Wave Gods had French trying out a variety of styles and succeeding more often than not-- the baroque boom-bap of "Old Man Wildin," the weird IDM of "All Over," the hollowed-out East Coast trap of "Lockjaw' and "Off The Rip" -- and MC4 attempts just as many forays into non-Fraud territory. We get the chilly Canadian bounce of "No Shopping," the strip club bombast of "Everytime," the golden era NY-mining sounds of "Said N Done," "I'm Heated," and "Have Mercy," and the high class pop of "Check Come" and "Xplicit," but only about half of what's thrown at the wall actually sticks. The Drake single is fine, if boring, the Jeezy track feels tired and already done a million times, "Said N Done" is cool until the gag is run into the ground on "I'm Heated," and "Check Come" feels like Detail should've saved it for Beyoncé. These are all tracks French should've been making to get into album mode -- stepping out of his comfort zone and expanding his breadth -- but at least half feel like they should have been left as B-sides or bonus tracks.

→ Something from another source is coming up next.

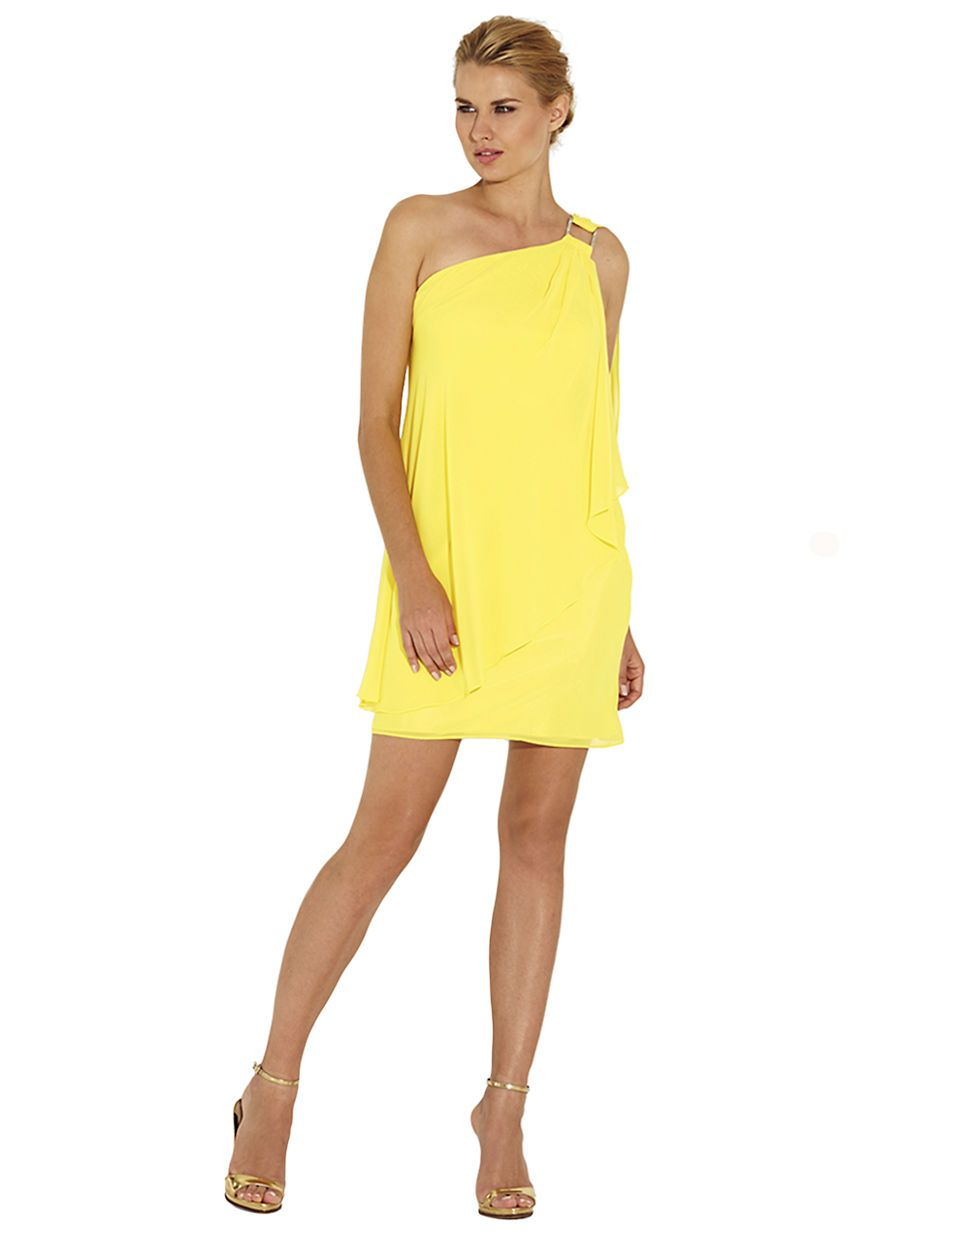 Yellow Chiffon One Shoulder Cape Cocktail Dress | fashjourney.com ...
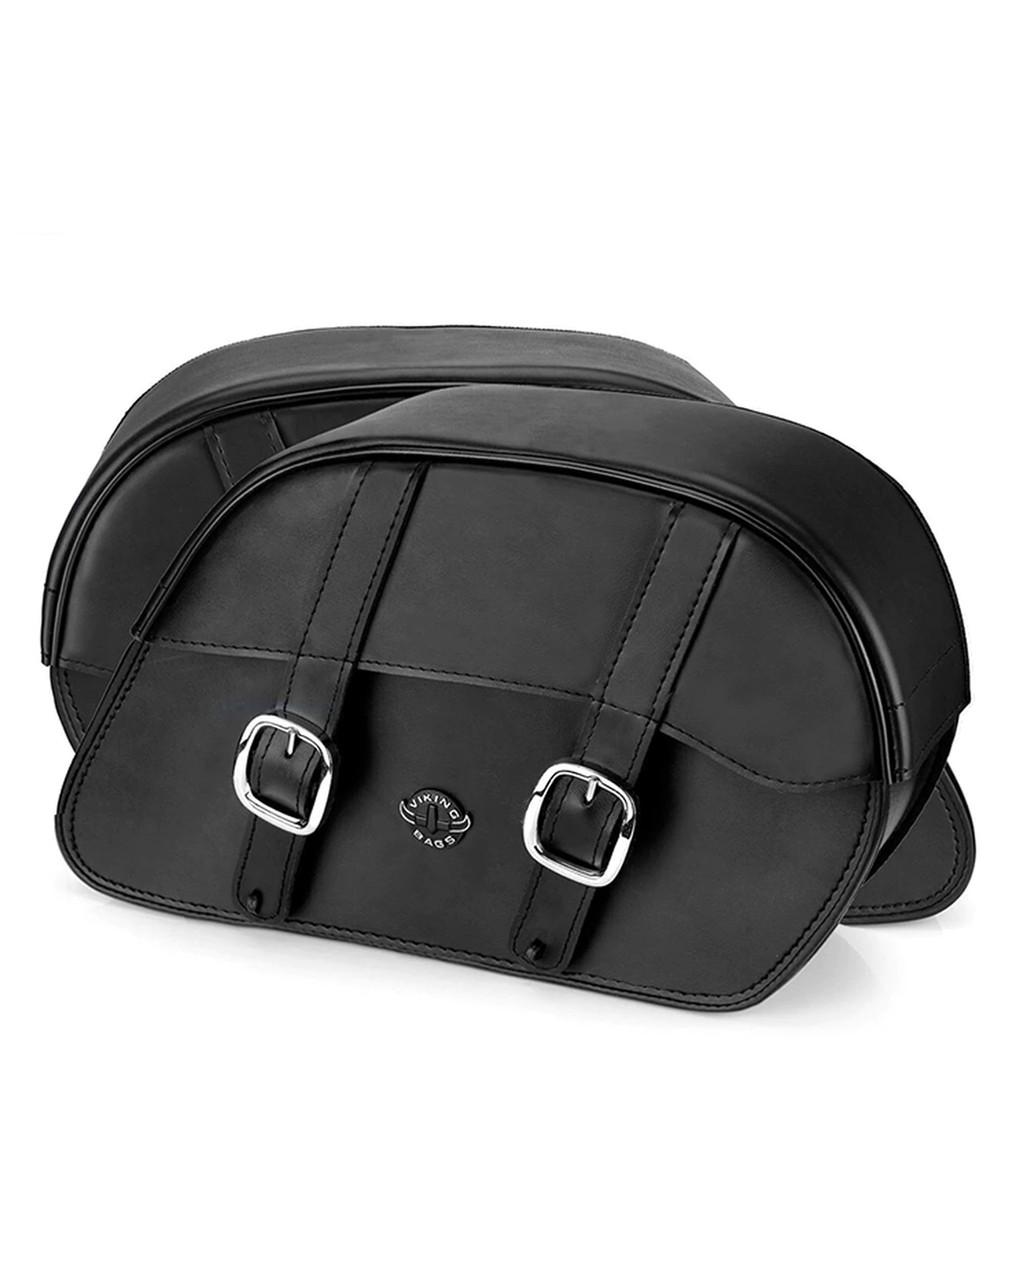 Honda 1500 Valkyrie Standard Slanted L Motorcycle saddlebags Both Bags View

All said and done, I'll find myself paring this down to a leaner ten tracks in iTunes and listening to it just as much as Wave Gods. MC4 starts out strongly, and ends even better with the hardnosed NY posse cut "Have Mercy" (unfortunately, after the Tribe album dropped, only the second best song to sample that "Dis Generation" line this November) and the jazzy, heartfelt "Chinx & Max / Paid For." Listening to French succeed at both his waviest and his most emotional makes the fat of MC4's middle section even more of a tragedy. No one outside of hit-chasing A&Rs asked for a Miguel/French bedroom jam, no one outside of French wanted a Fat Boys remake, and no one outside of... possibly anyone... wanted to hear him belt over piano chords on "Check Come." French's strengths have only gotten stronger, and his ability and willingness to experiment has expanded, but when it comes to making albums, he needs to learn how to edit and restrain himself better. That's probably a gargantuan task when you've got label execs breathing down your neck for hits, but as he showed on "Lockjaw" this year, if he simply relies on his existing gifts and commits fully to exciting collabs, he's got all the skills and finesse necessary to keep churning out unlikely organic hits. He's got to recognize MC4 as a failure, regardless of its music, and so I'm expecting a hungrier, more back-to-basics tape from him before springtime 2017. French is getting there as an album artist, but due to various slip-ups, MC4 isn't the breakout album it should have been.